32 - Pulang

124 3 0
                                    

Sudah tiga hari gara dirawat, selama itu pula mika merawatnya antara ikhlas dan tak ikhlas. Seperti saat ini gara berupaya memaksa pak bram untuk memperbolehkan dirinya pulang, gara tak tahan lagi dengan suasana rumah sakit.

"Pah... Gara itu udah sembuh" rengek gara yang masih diatas brankar.

Pria paruh baya berkulit putih itu tetap kekeh dengan putusannya, "Gak. Pokonya kamu masih harus di sini," tolak pak bram, kini tatapannya tertuju pada mika yang tengah mendampingi gara, "Mika tolong suruh pacar kamu jangan ngerengek minta pulang! The stab wound took several weeks to heal." Beber pak bram.

"Miki....," Panggil gara, mika menoleh kembali pada gara "jangan dengerin papa yah, bilang ke papa. Kalau gue sudah sembuh" printah gara.

Sementara itu mika dilanda kebingungan, antara memihak kepada gara atau pak bram.

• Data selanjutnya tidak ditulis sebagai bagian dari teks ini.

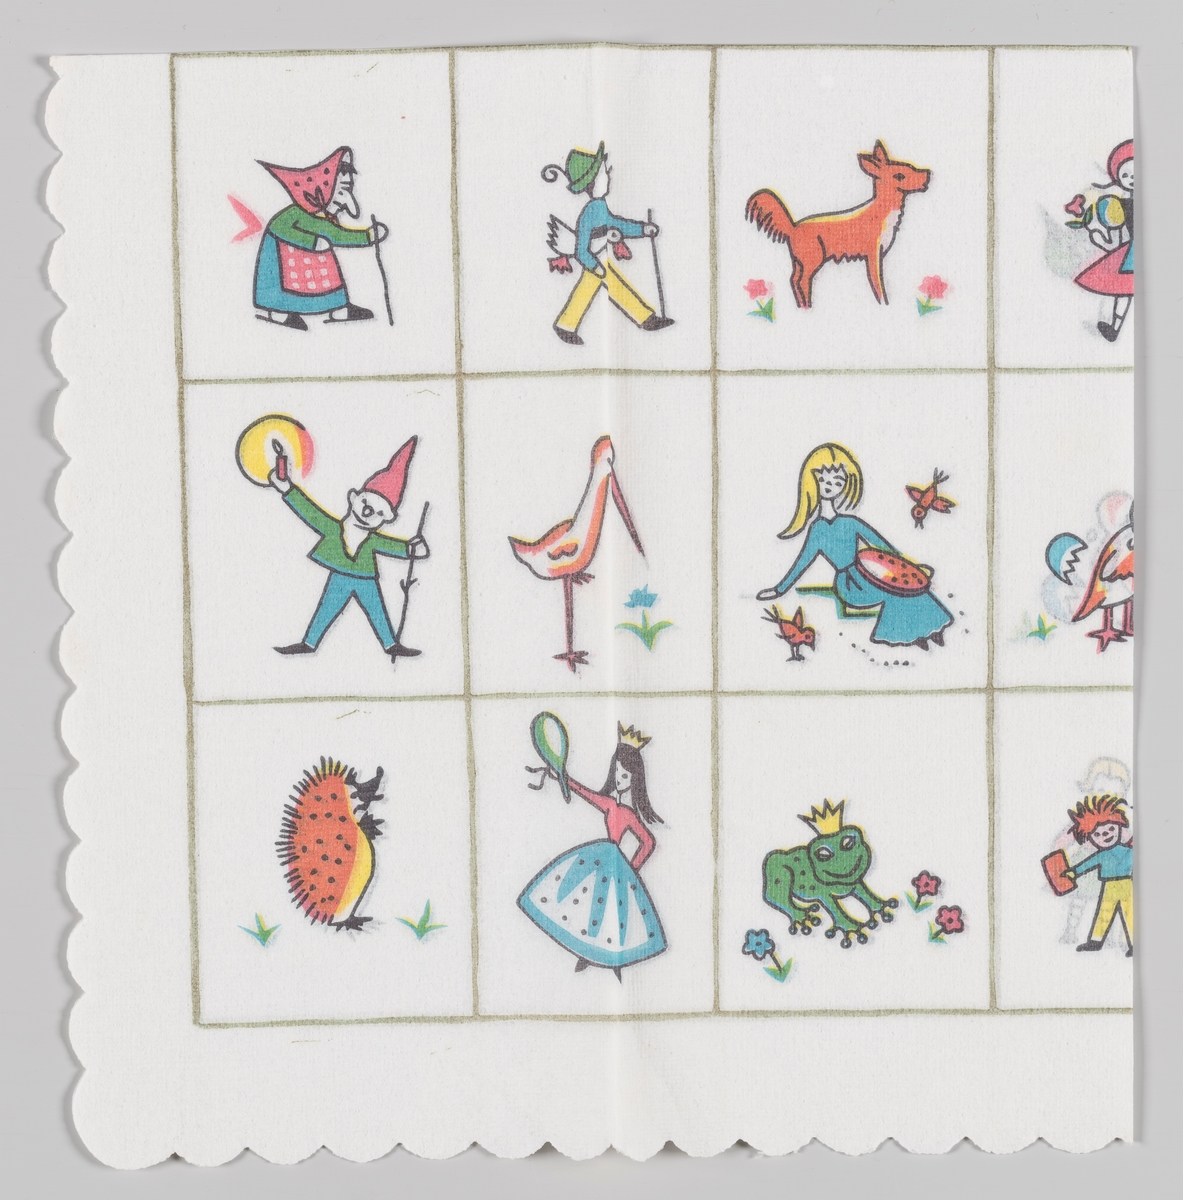 Firkanter med forskjellige figurer: En heks, en gutt med en gås under armen, en rev, en nisse, en stork, en jente som forer fuglene, et pinnsvin, en prinsesse, en frosk med krone.

Mika memberanikan diri untuk membela gara, menurutnya jika gara tidak dirawat di rumah sakit ia tidak usah repot-repot harus pergi ke rumah sakit sepulang sekolah.

"Kata dokter, gara boleh kok dirawat di rumah," ucap mika "Maaf aku lancang, sebaiknya Om tolong turutin kemauan gara." Tambahnya.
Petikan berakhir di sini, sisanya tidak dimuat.